The task: Would you restate the full listing word for word and omit its pictures?

Data extract:
|---|

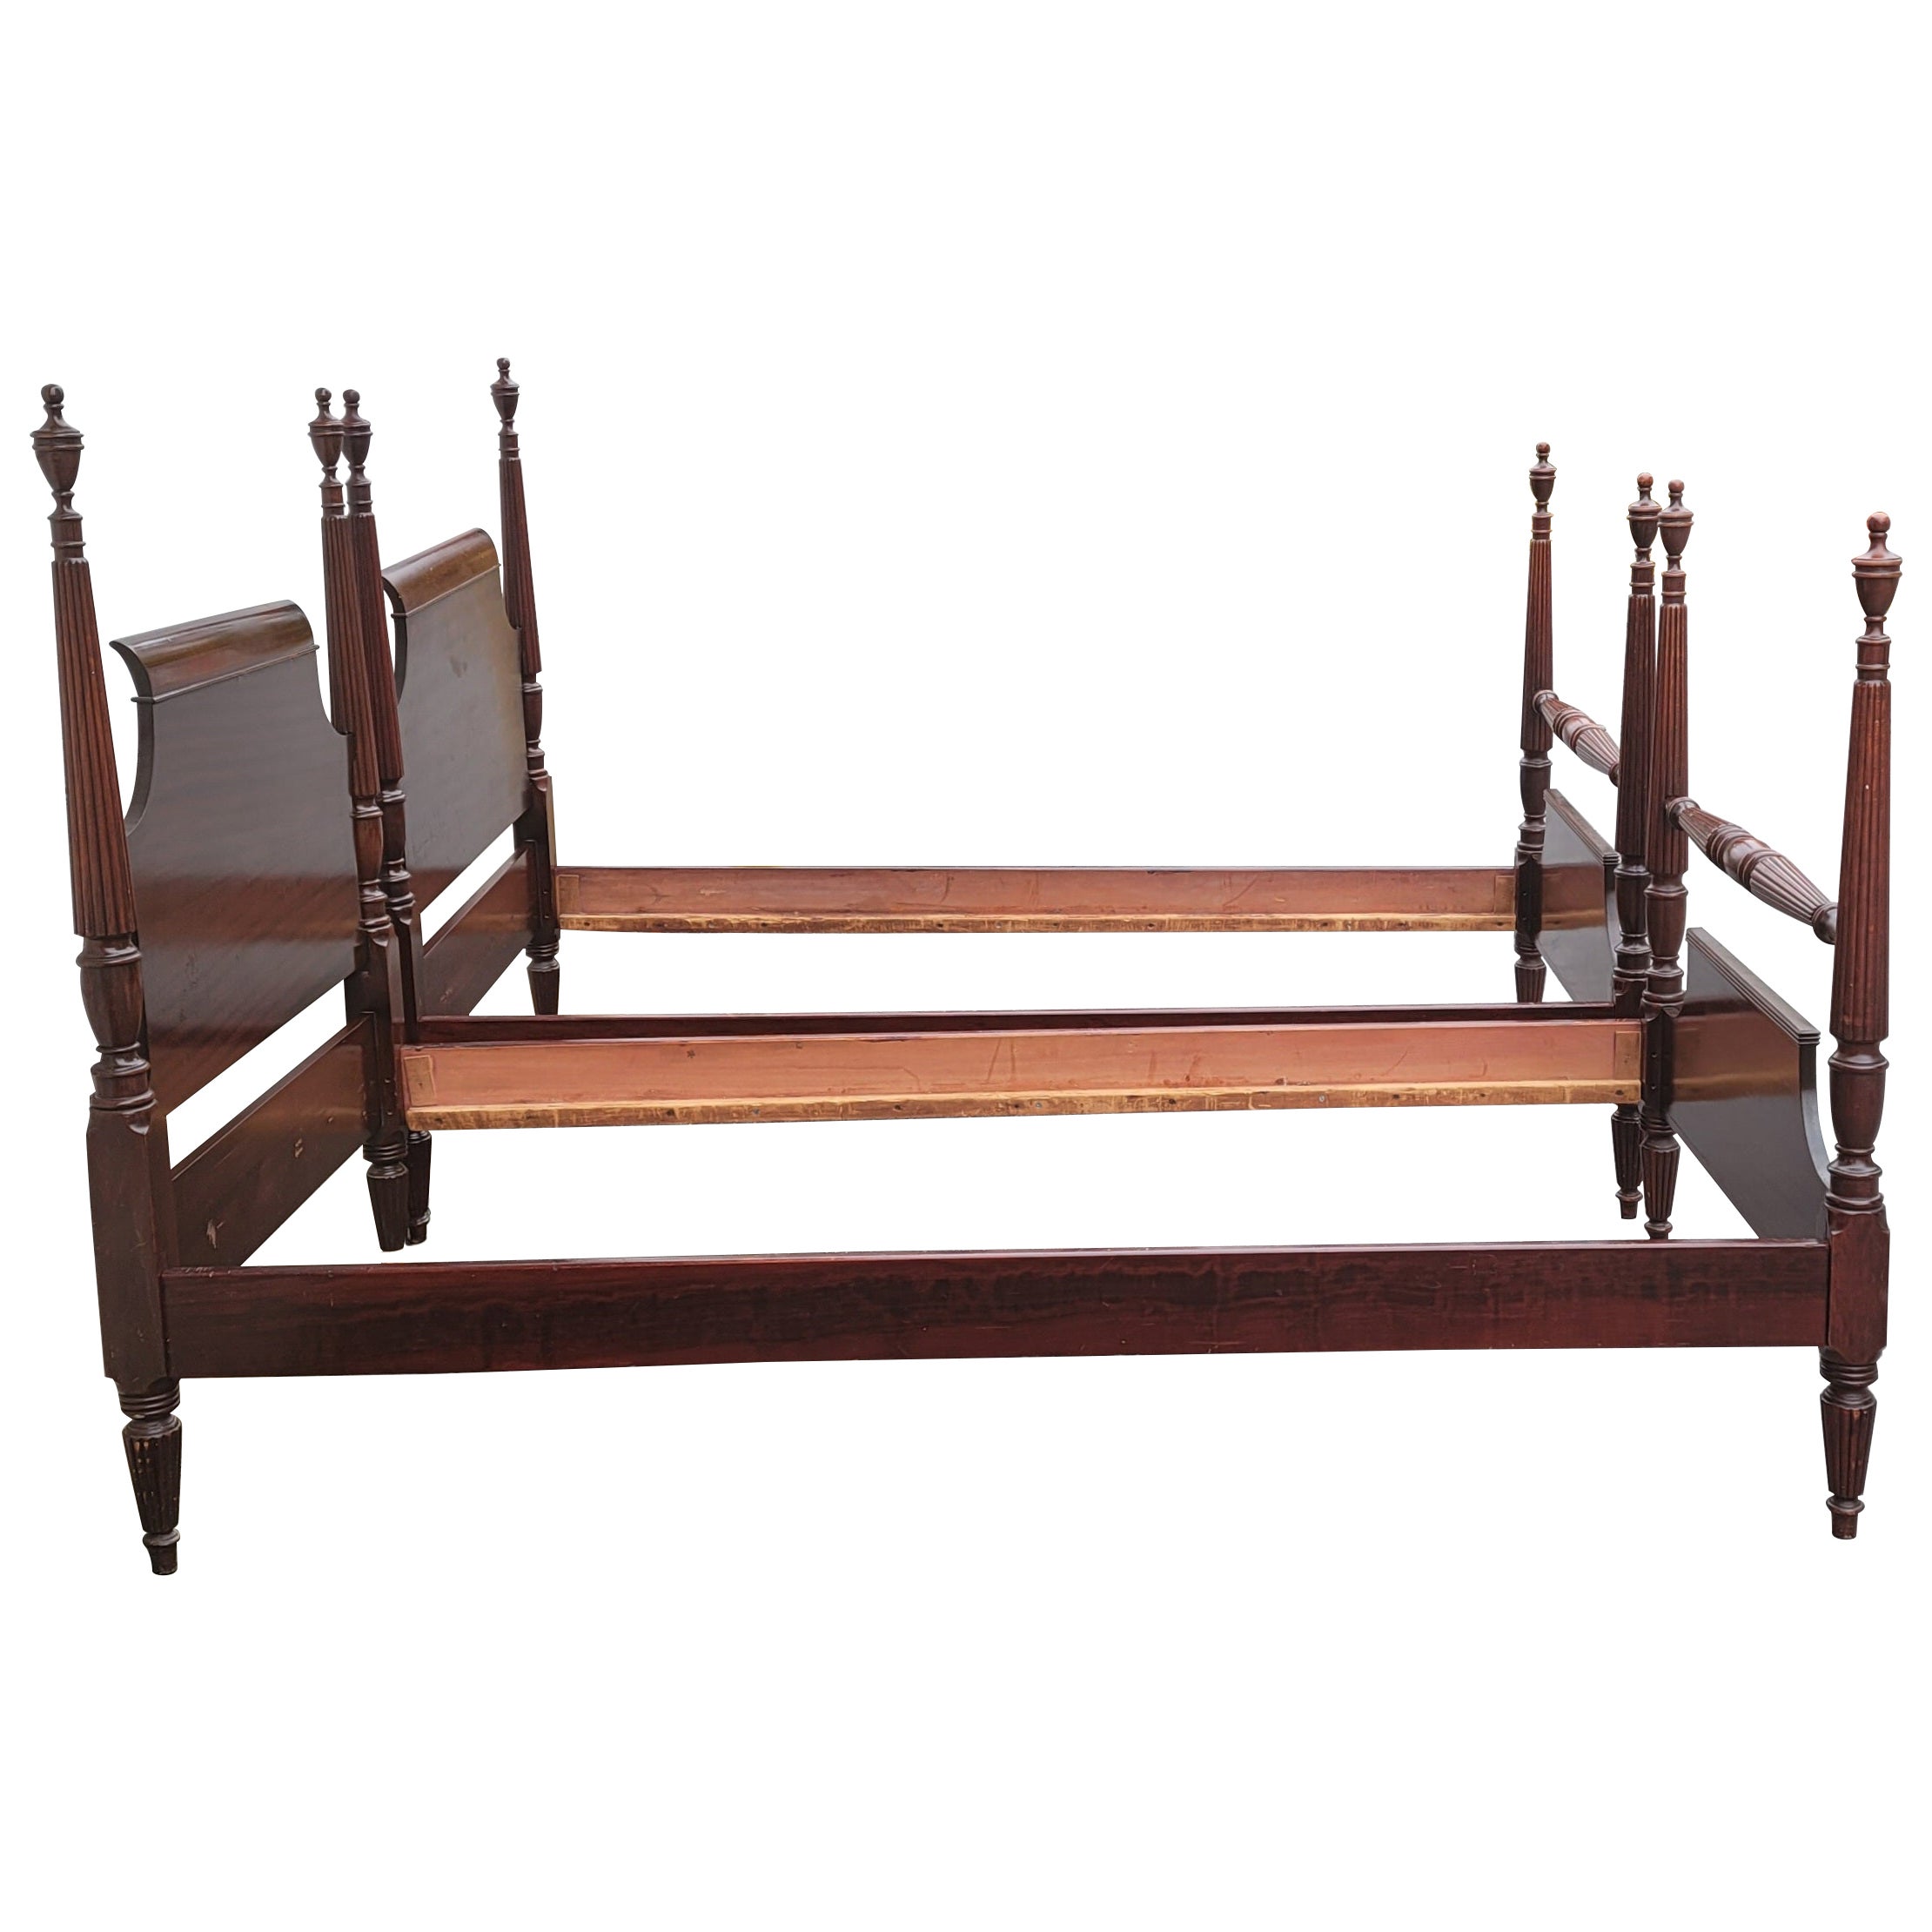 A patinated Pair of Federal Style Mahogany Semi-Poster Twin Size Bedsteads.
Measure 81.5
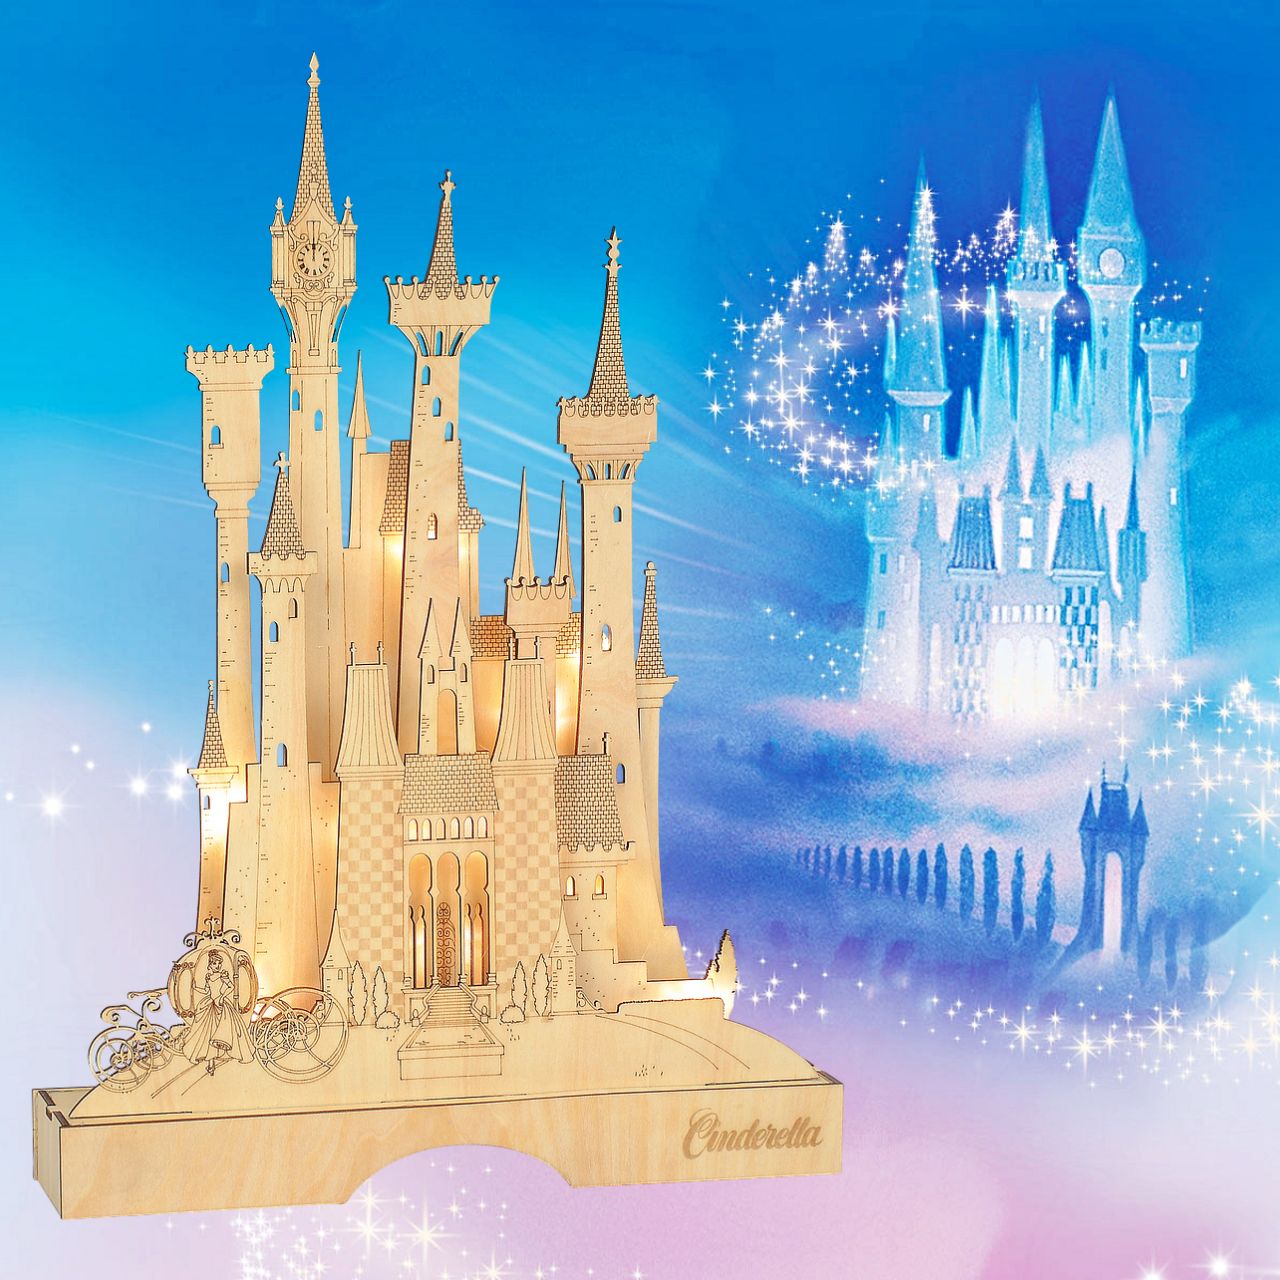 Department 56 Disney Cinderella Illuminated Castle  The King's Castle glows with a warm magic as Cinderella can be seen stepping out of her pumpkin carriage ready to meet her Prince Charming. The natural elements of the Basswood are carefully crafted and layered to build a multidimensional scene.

|---|

Written solution:
 A patinated Pair of Federal Style Mahogany Semi-Poster Twin Size Bedsteads.
Measure 81.5
 Department 56 Disney Cinderella Illuminated Castle  The King's Castle glows with a warm magic as Cinderella can be seen stepping out of her pumpkin carriage ready to meet her Prince Charming. The natural elements of the Basswood are carefully crafted and layered to build a multidimensional scene.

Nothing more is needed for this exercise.